# Real-Time 2.0 FAQ

## Where is the real-time layer? How do I know my data is actually there?

Every event processed by Real-Time 2.0 is written to two separate storage destinations simultaneously:

| Storage Layer | What It Stores | Update Speed | How to Verify |
|  --- | --- | --- | --- |
| **Real-Time Layer** | In-session behavioral data, real-time attributes, stitched identity links | Milliseconds after event ingestion | Use the Personalization API or check Realtime Storage via the Parent Segment configuration page |
| **Batch Layer** | Full event history, aggregated attributes, predictive scores, complete customer profiles | Minutes to hours, on workflow schedule | Query event tables in Data Workbench |


To verify that real-time data is being received, you can use **Data Workbench** to query the underlying event tables directly and confirm that raw events are landing in your Treasure Data storage.

## How does unification work? Where does ID stitching happen?

Profile unification in Real-Time 2.0 is a two-step process:

**Step 1 – ID Stitching (Realtime Decision Engine)**

When an event arrives, the Realtime Decision Engine immediately attempts to link the current user's identifiers (anonymous cookie ID, device ID, email hash, or other configured keys) to an existing customer profile. This happens in milliseconds and produces a unified identity that persists across devices and sessions.

**Step 2 – Profile Unification (Unify Realtime and Batch Data)**

After identity is resolved, the engine merges the live in-session data with the customer's historical profile from Batch Storage. This combined profile—containing both real-time attributes and historical metrics—is what powers personalization and activation decisions.

ID stitching keys and the attributes used for matching are configured in your **Parent Segment** under the ID Stitching settings. Changes to stitching keys take effect for new events immediately after the configuration is deployed.

## What's the difference between real-time and batch processing?

Real-Time 2.0 runs two processing pipelines that serve different purposes and complement each other:

|  | Realtime Pipeline | Batch Pipeline |
|  --- | --- | --- |
| **Trigger** | Every event, as it arrives | Scheduled (minutes to hours) |
| **Speed** | Milliseconds | Minutes to hours |
| **Data processed** | Individual events, in-session behavior | Full event history, large aggregations |
| **Outputs** | Updated real-time attributes, personalization decisions, triggered activations | Aggregated attributes, predictive scores, audience segments |
| **Best for** | Responding to what a customer is doing right now | Understanding who a customer is based on their full history |


**Combined decisioning example:** When a customer views a product page, the Realtime Pipeline detects the behavior instantly and triggers a personalized recommendation. That recommendation is enriched with the customer's purchase history, loyalty tier, and predicted next best offer—all supplied by the Batch Pipeline—resulting in a decision that is both timely and contextually accurate.
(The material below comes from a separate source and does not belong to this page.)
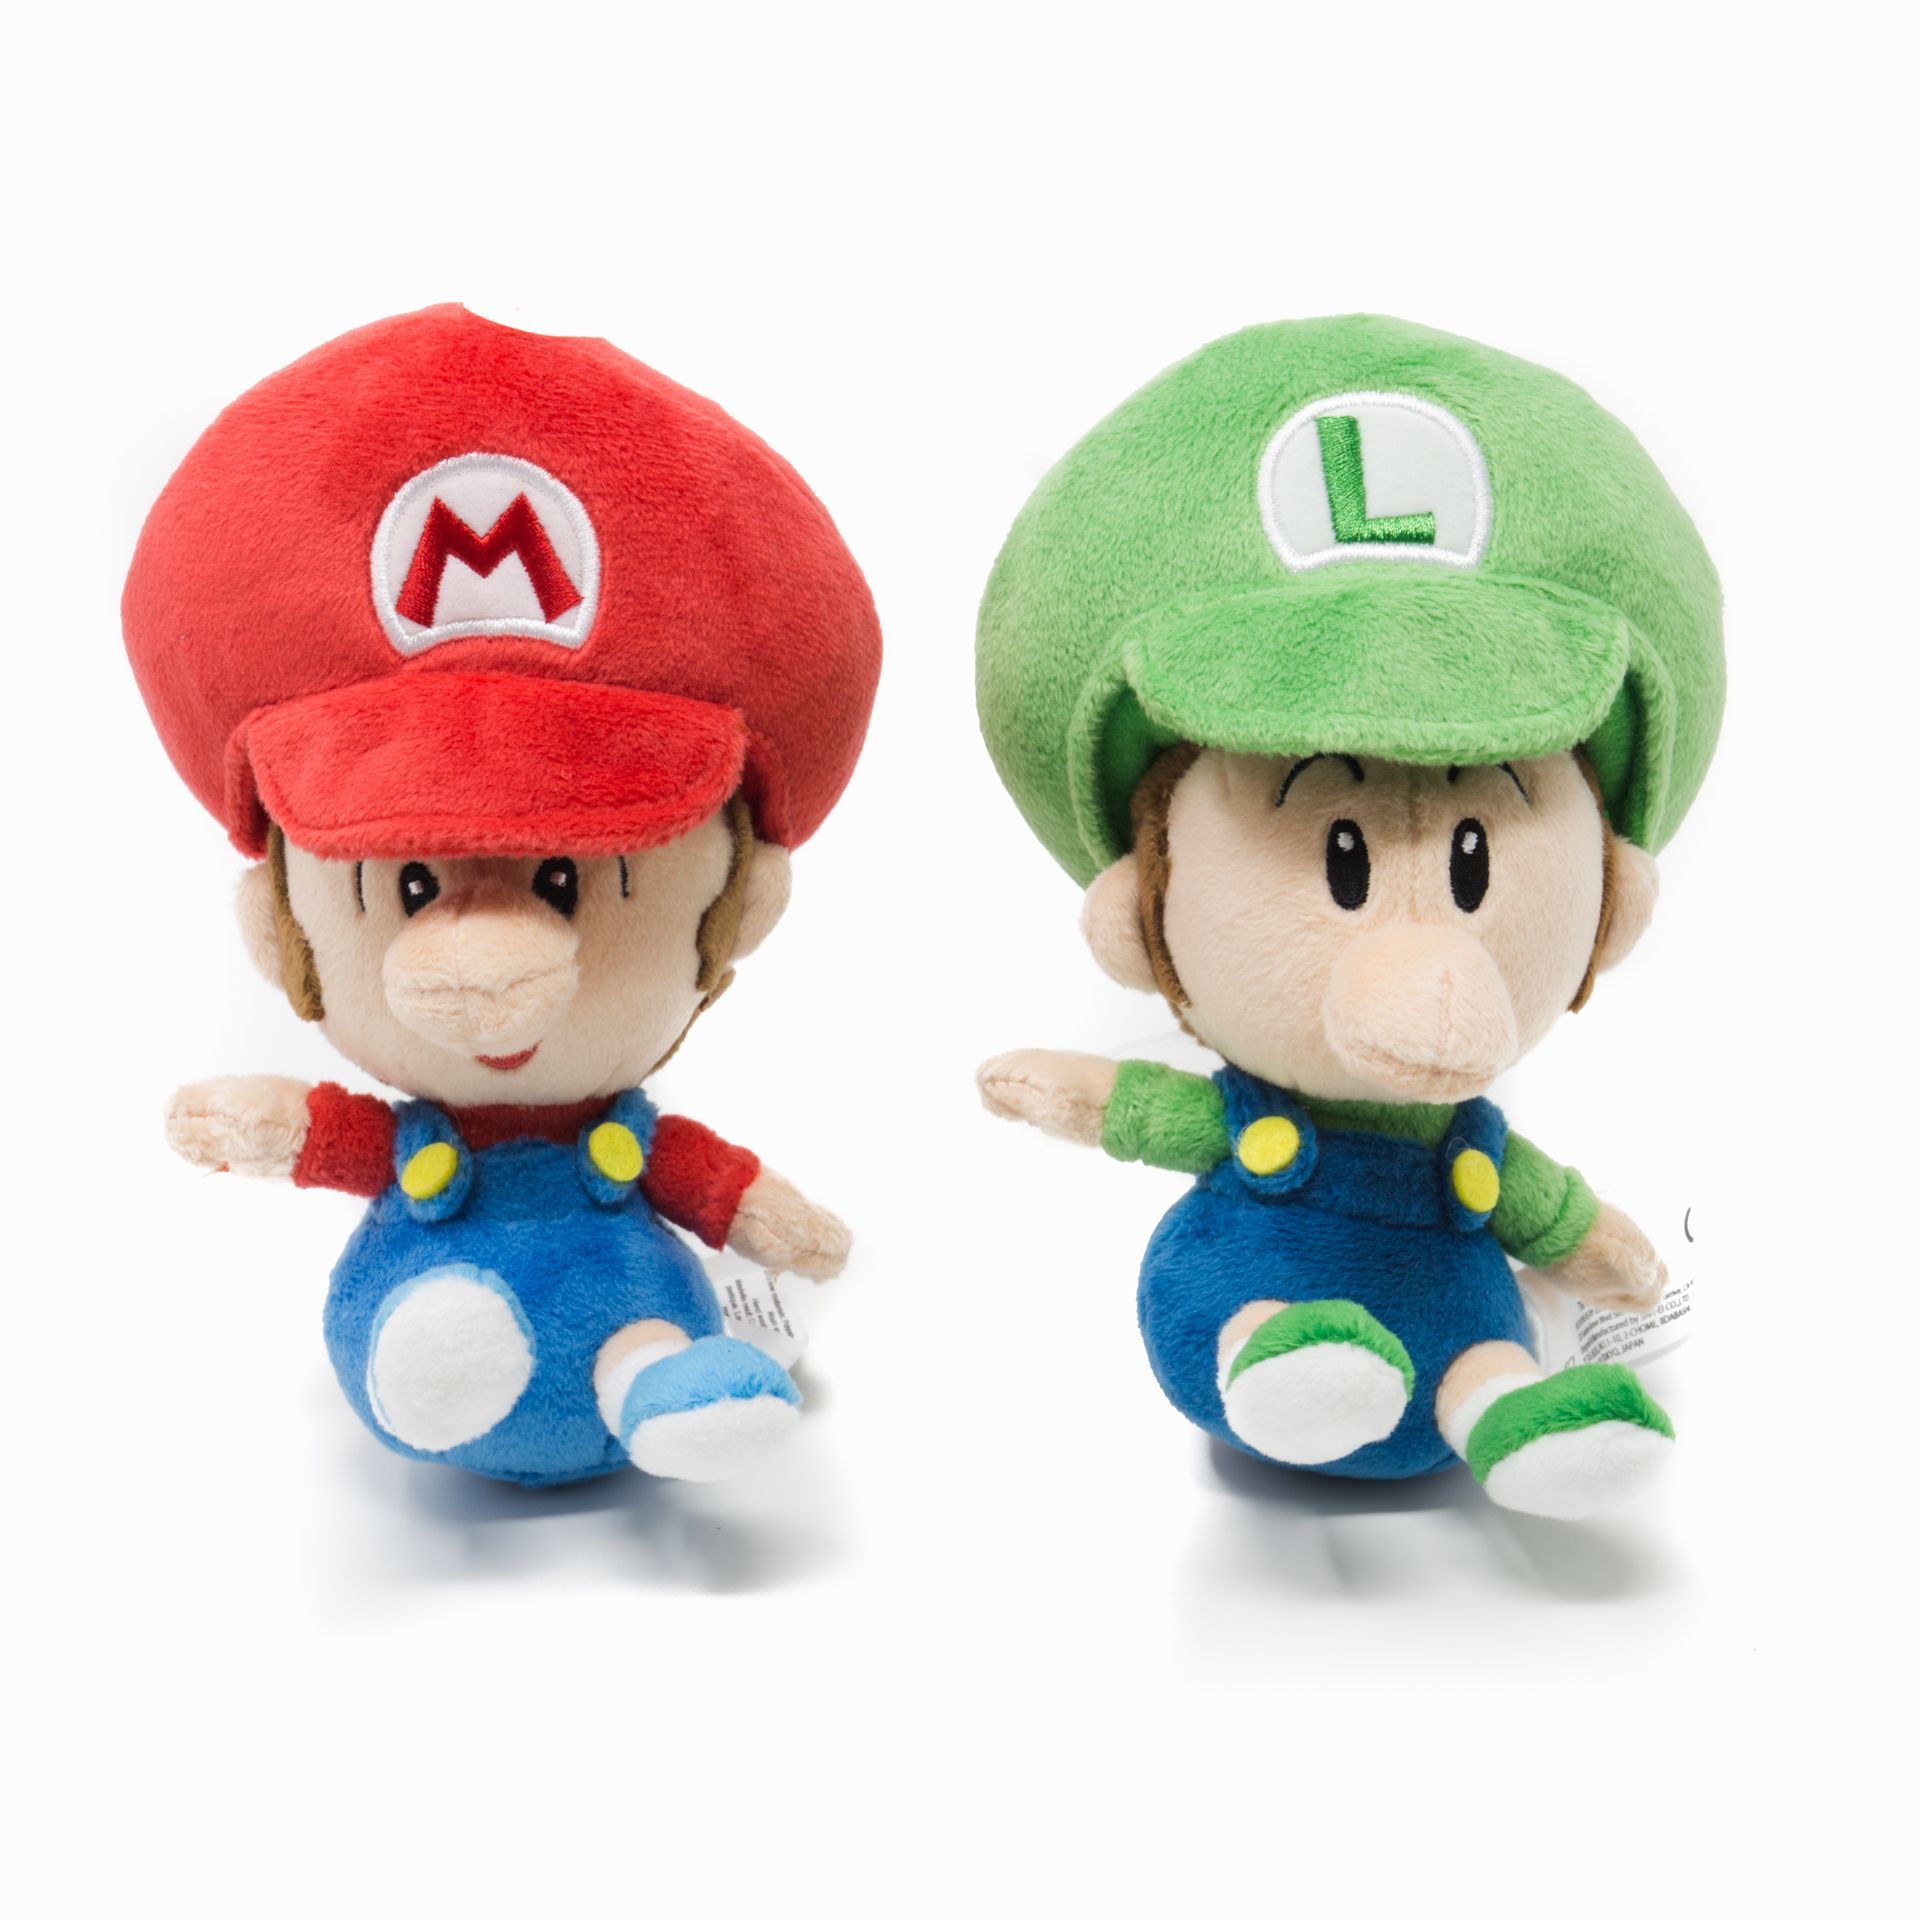 Super Mario Mario and Baby Luigi Plush. Super mario, Mario

You do not need to choose between the two pipelines. Every event flows through both automatically.

## What's the latency? How fast is this really?

**End-to-end latency SLAs**

| Capability | Latency | Notes |
|  --- | --- | --- |
| **Personalization API** | ≤ 100ms (p95) | Time from API request to response, including real-time attribute lookup and batch profile merge |
| **Triggered Activations** | Up to 3 minutes | Time from event ingestion to activation delivery to downstream channel |
| **Batch Processing** | Minutes (varies by workflow schedule) | Depends on workflow configuration and data volume |


**Throughput capacity**

| Component | Default Capacity | Maximum (global) |
|  --- | --- | --- |
| **Event Ingestion** | 2,000 events/second | 100,000+ events/second |
| **Real-time Decisioning** | 8,000 events/second | — |
| **Triggered Activations** | 8,000 events/second | — |


If your expected event volume exceeds the default ingestion limit of 2,000 events/second, contact your Treasure Data account team to discuss capacity adjustments. Limits are configurable and can be scaled to support high-traffic use cases.